Data segment

● ● ● ● ● ● ●

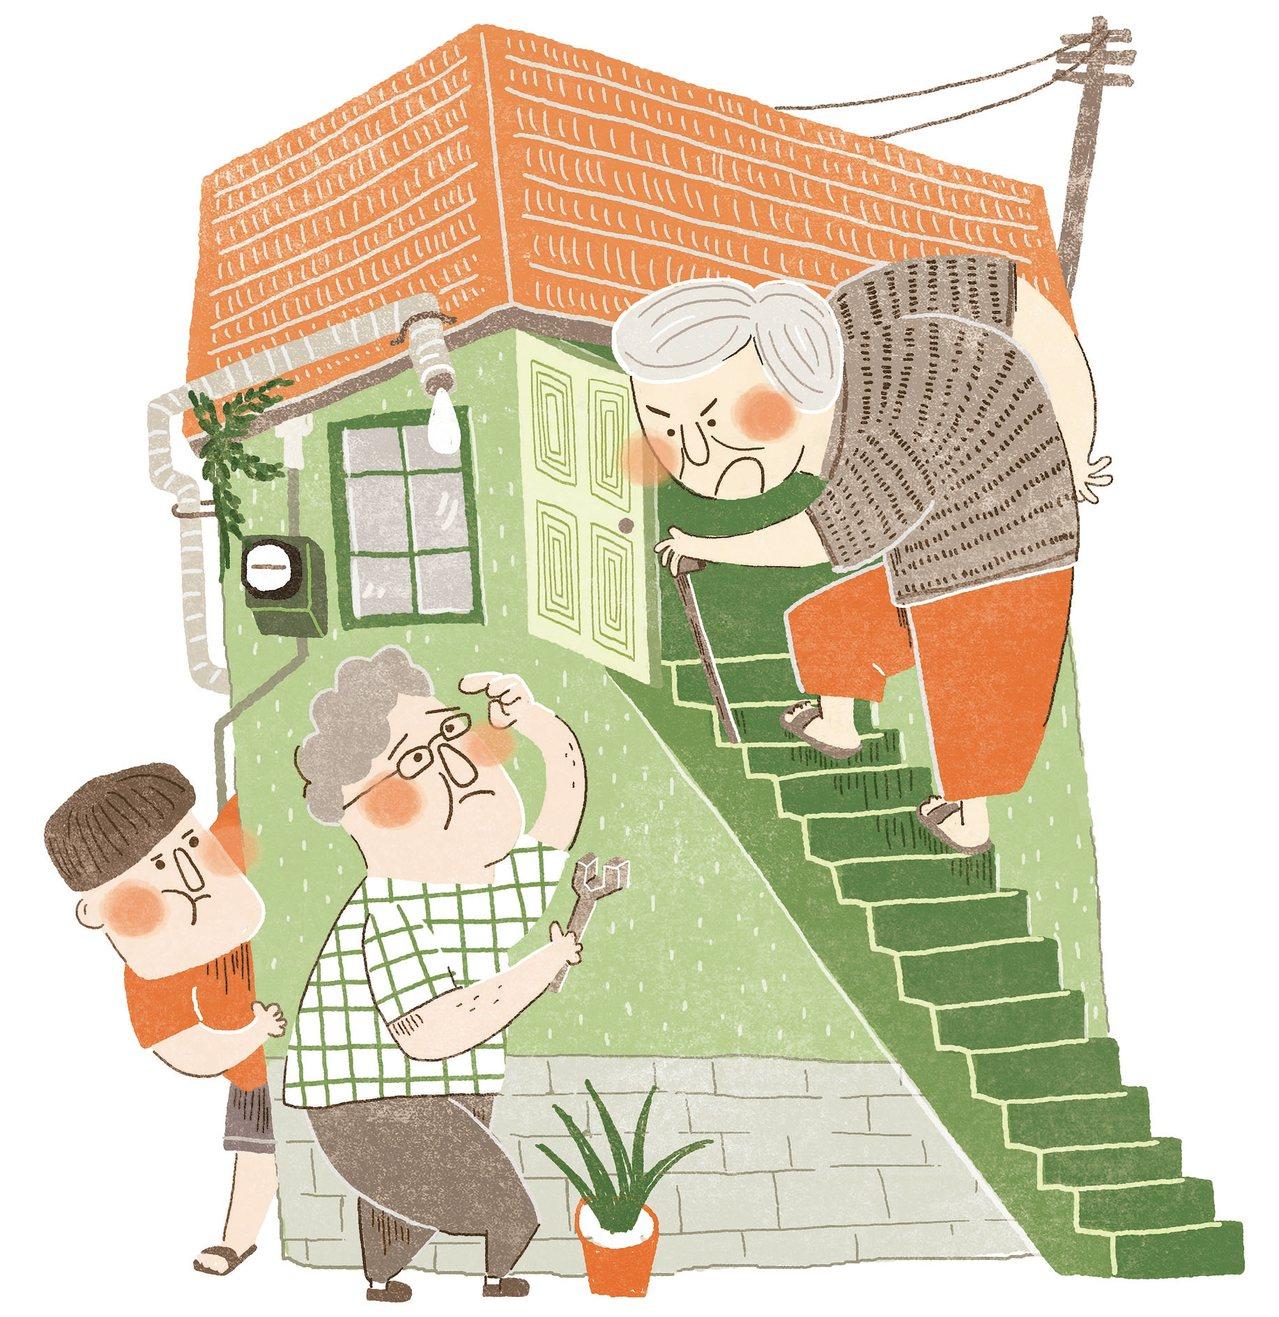 長輩們都老了,用緩慢而沉重的腳步生活,在家中輪流咚咚咚地上下樓,一波未停一波又起...
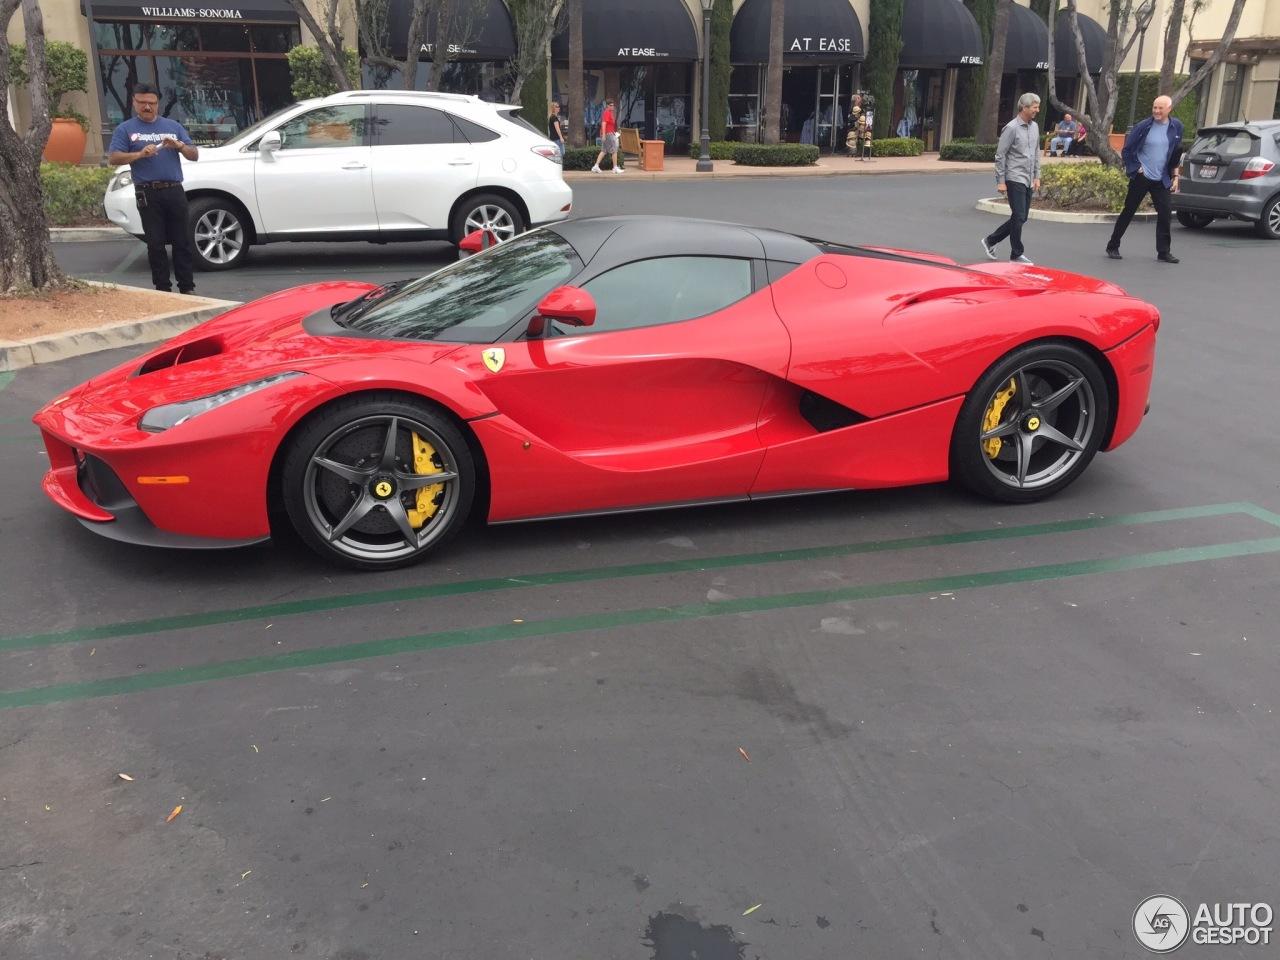 b803b9989f5a7 Ferrari LaFerrari - 20 January 2016 - Autogespot
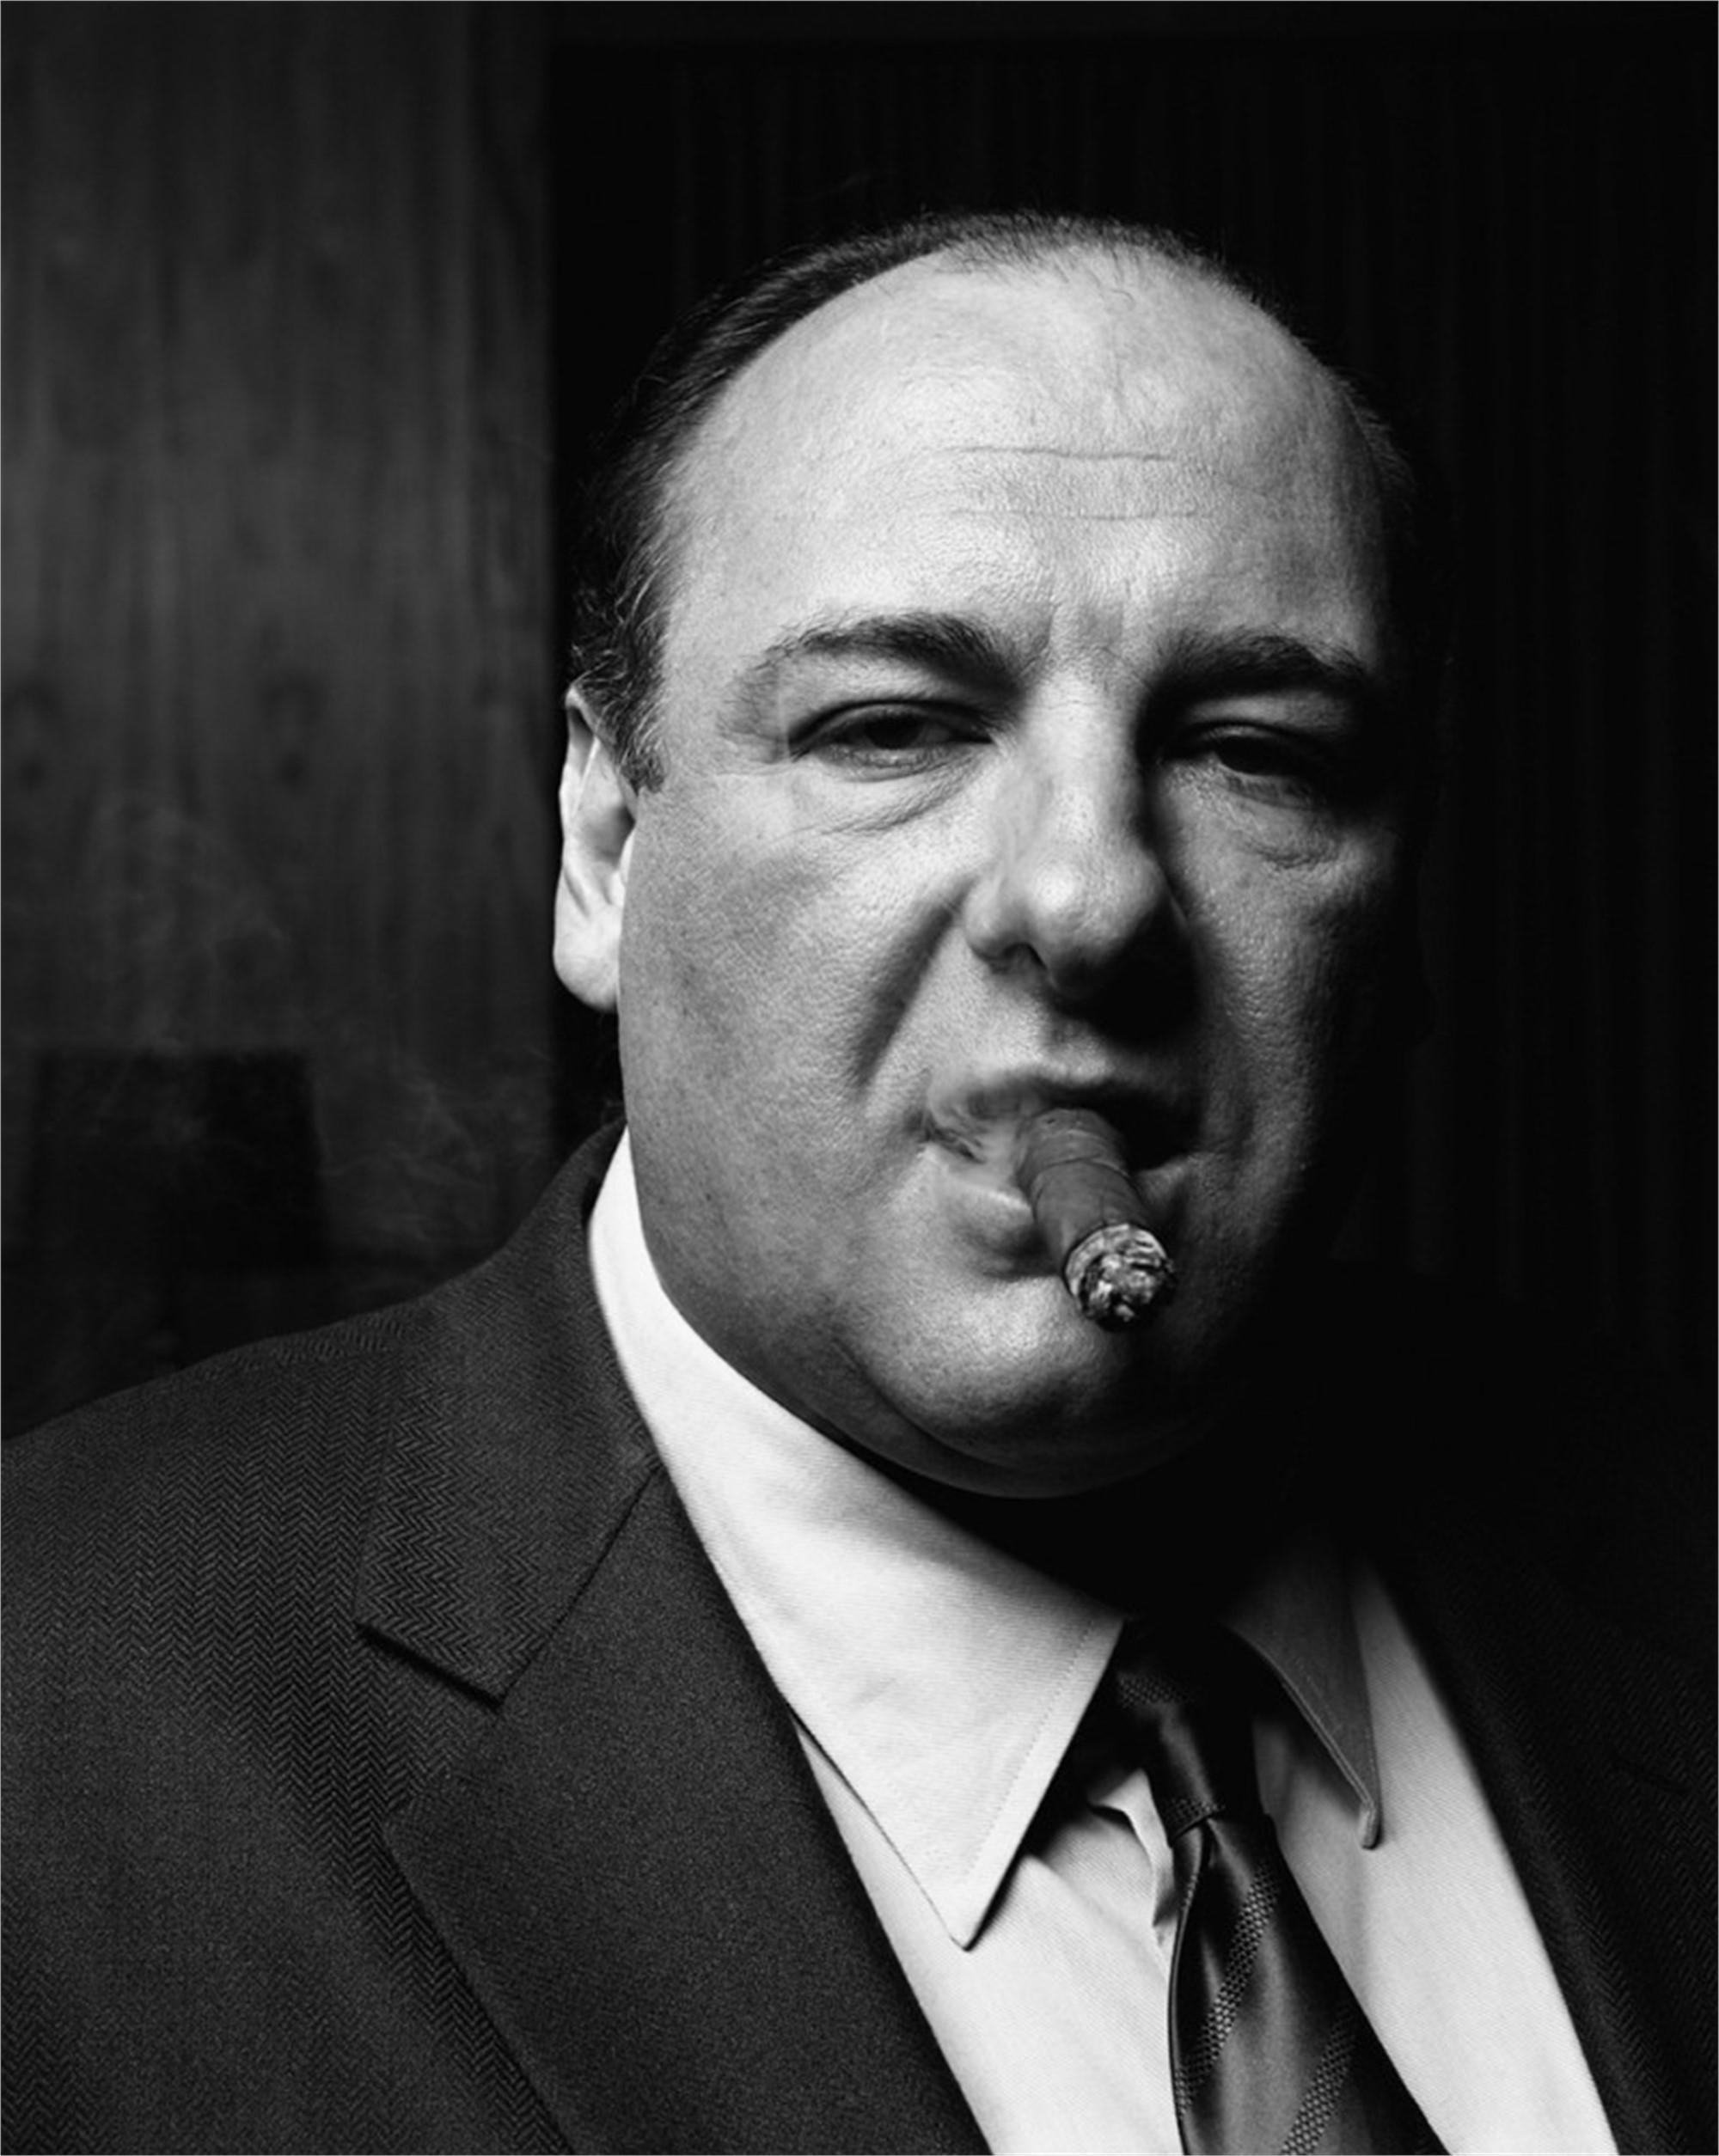 06072 James Gandolfini Cigar BW by Timothy White

● ● ● ● ● ● ●

What to work on
Without the pictures, reproduce each line from the one containing "b803b9989f5a7 Ferrari LaFerrari" through the last line of the material above, both of those lines included.

Output below
 b803b9989f5a7 Ferrari LaFerrari - 20 January 2016 - Autogespot
 06072 James Gandolfini Cigar BW by Timothy White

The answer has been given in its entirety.